I am taking a first course in functional analysis and I am struggling with computing the norm of an operator.

Specifically, consider $L^2(\mathbb{R})$ with the linear operator $\Lambda:L^2(\mathbb R)\rightarrow L^2(\mathbb R)$ defined by $(\Lambda f)(x)=f(|x|)$.

$$\|\Lambda f\|_{L^2(\mathbb R)}\doteq \Big[\int_{-\infty}^{\infty}|f(|x|)|^2dx\Big]^{\frac{1}{2}}=\Big[\int_{-\infty}^{0}|f(-x)|^2dx+\int_{0}^{\infty}|f(x)|^2dx\Big]^{\frac{1}{2}}=\Big[2\cdot\int_{0}^{\infty}|f(x)|^2dx\Big]^{\frac{1}{2}}\leq\sqrt{2}\cdot\|f\|_{L^2}$$ I have reached this point and I am tempted to say that $\|\Lambda\|_{L^2}=\sqrt{2}$ but cannot see why.
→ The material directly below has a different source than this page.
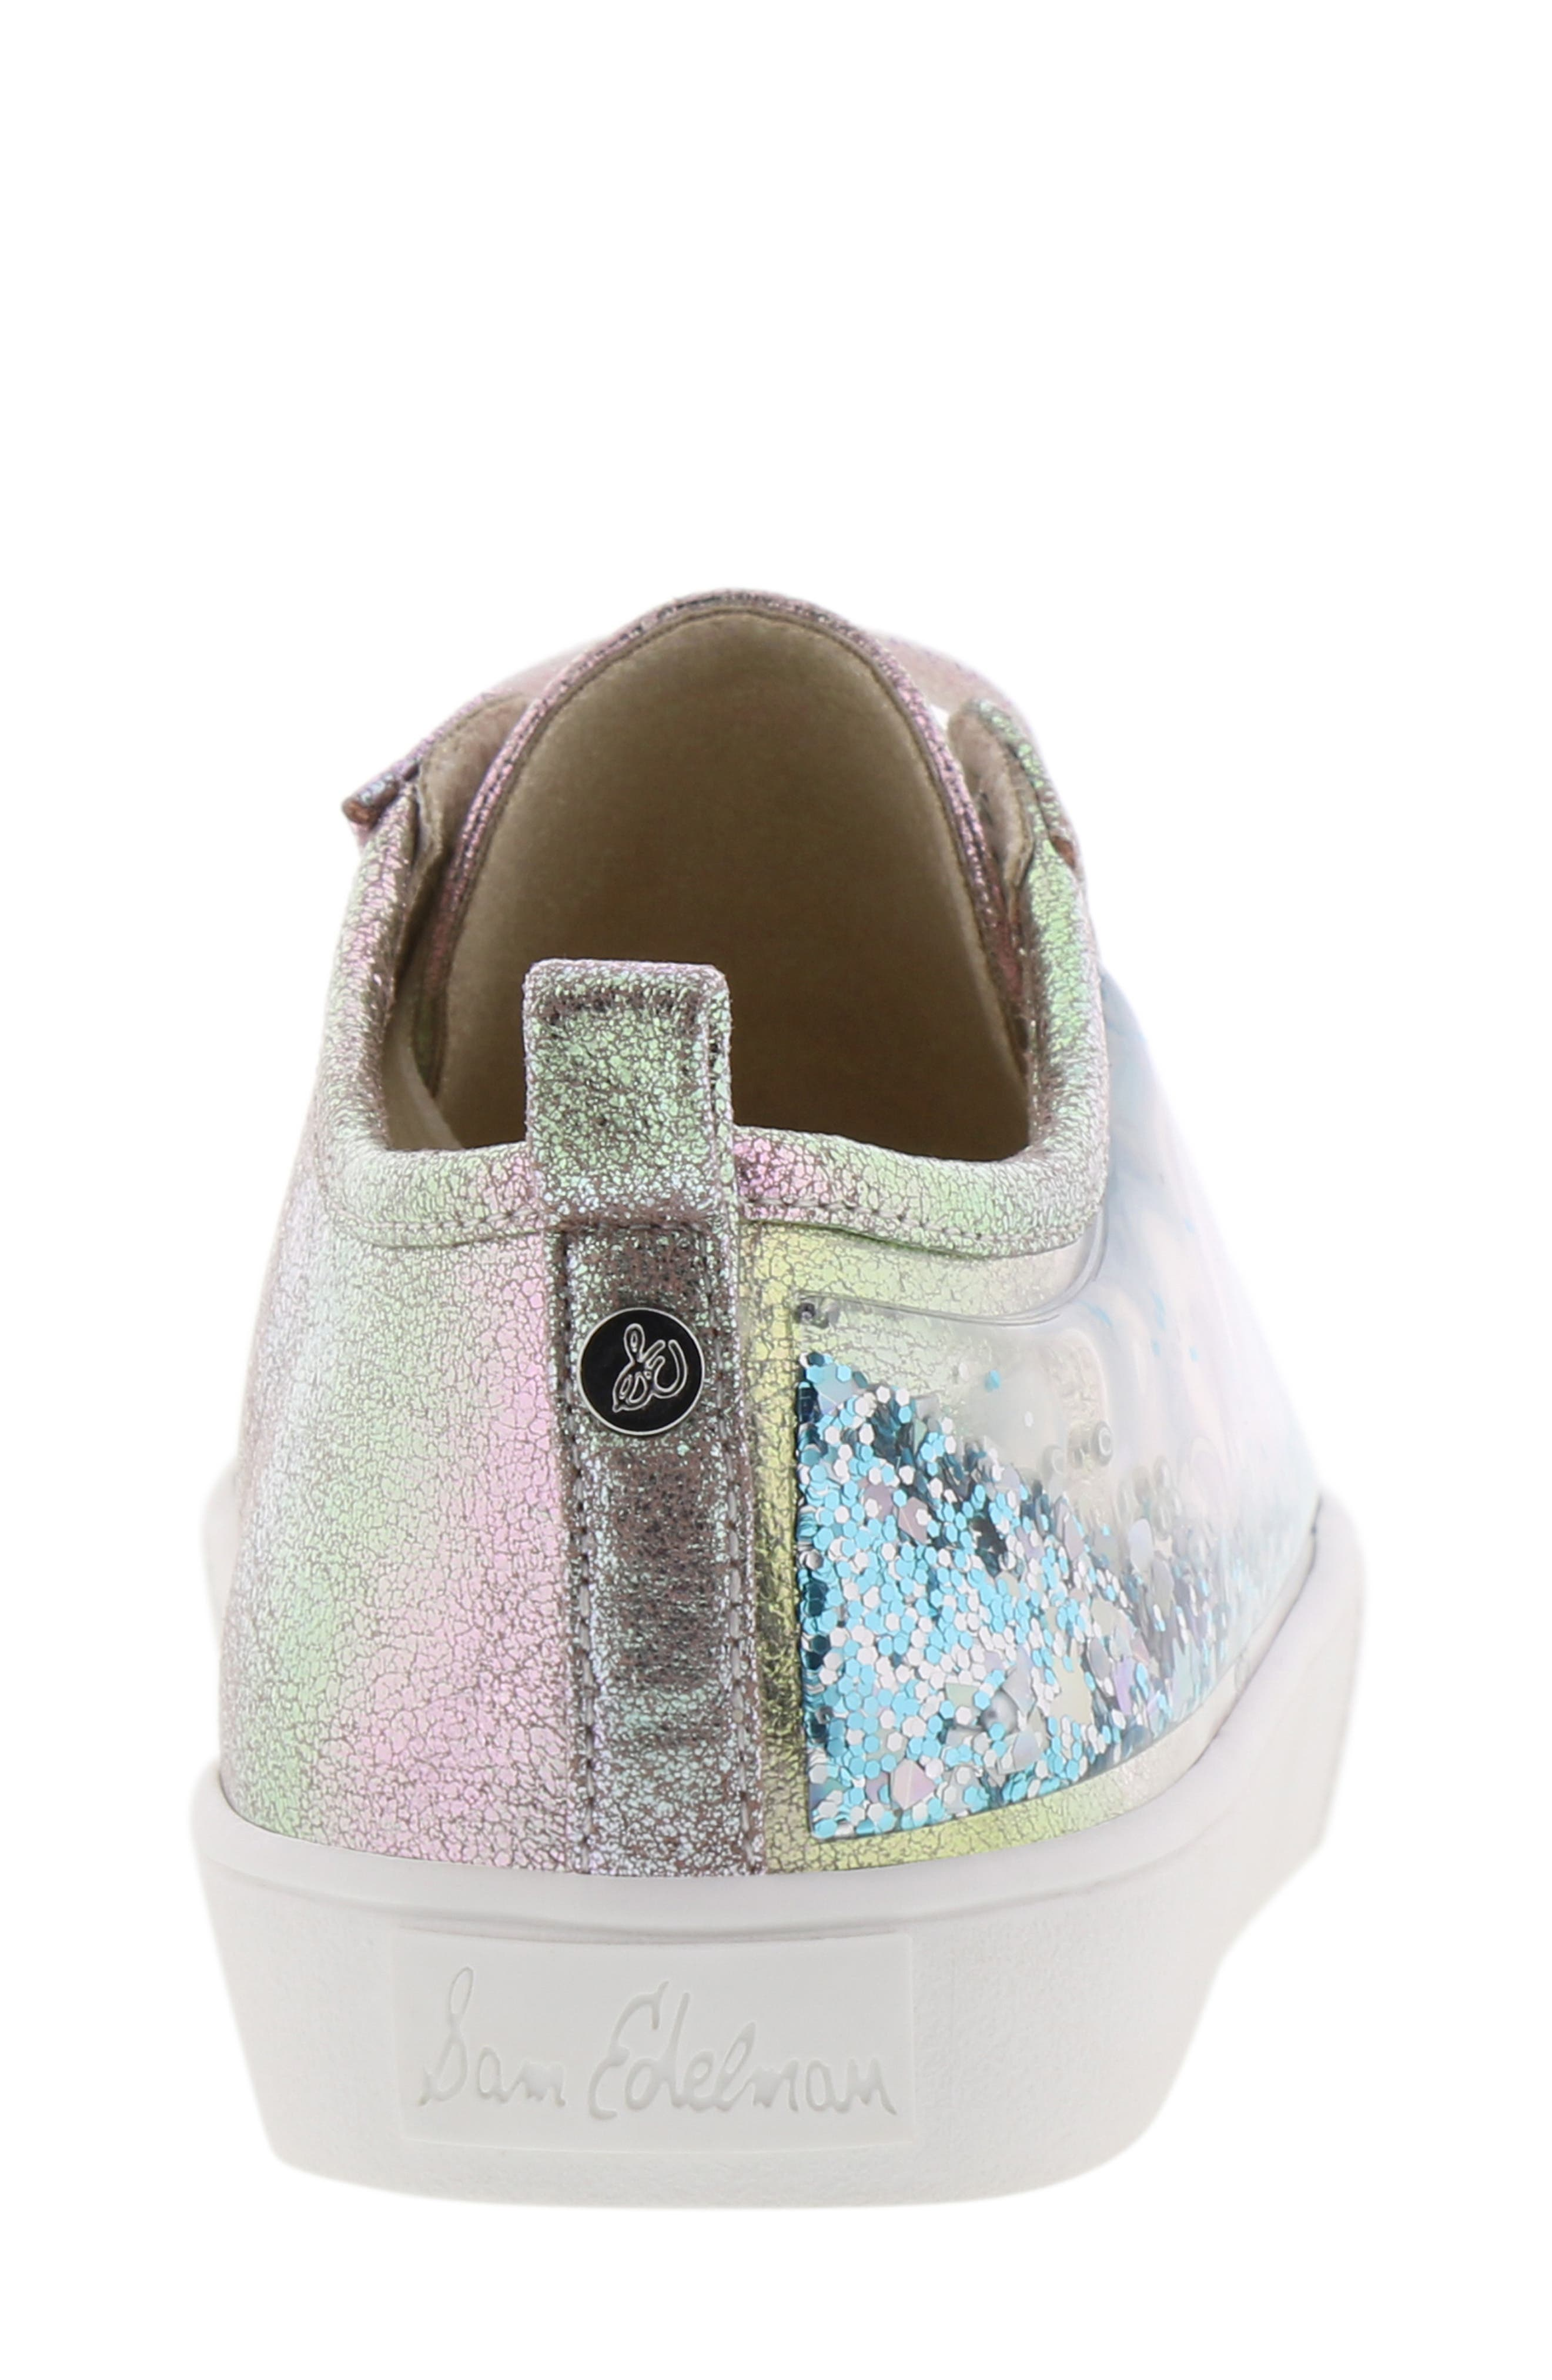 Bella Aqua Slip-On Sneaker,                             Alternate thumbnail 7, color,                             GASOLINE IRIDESCENT

Our professor provided us with a solution that says "equality holds whenever $f$ is supported on the positive half axis." Could someone help me understand what he means by that?

Thank you for your help.

Answer 1

OP has shown

$$\|\Lambda f\|_{L^2(\mathbb R)} = \Big[2\cdot\int_{0}^{\infty}|f(x)|^2dx\Big]^{1/2}\leq\sqrt{2}\cdot\|f\|_{L^2}.$$

Equality holds

\begin{align} \Big[2\cdot\int_{0}^{\infty}|f(x)|^2dx\Big]^{1/2} &= \sqrt{2}\cdot\|f\|_{L^2} \\ \iff \sqrt{\int_{0}^{\infty}|f(x)|^2dx} &= \sqrt{\int_{-\infty}^{\infty}|f(x)|^2dx} = \sqrt{\int_{-\infty}^{0}|f(x)|^2dx + \int_{0}^{\infty} |f(x)|^2dx} \\ \iff \int_{-\infty}^{0}|f(x)|^2dx &= 0 \\ \iff f &= 0 \text{ a.e. on } (-\infty,0] \end{align}

Answer 2

What your prof said is that if $f=f\,1_{[0,\infty)}$, then \begin{align} \|\Lambda f\|_2^2&=\int_{-\infty}^0f(-x)^2\,dx+\int_0^\infty f(x)^2\,dx\\ \ \\ &=\int_0^\infty f(x)^2\,dx+\int_0^\infty f(x)^2\,dx\\ \ \\ &=2\int_0^\infty f(x)^2\,dx\\ \ \\ &=2\|f\|^2_2. \end{align} So, for any such $f$, $$\|\Lambda f\|_2=\sqrt2\,\|f\|_2.$$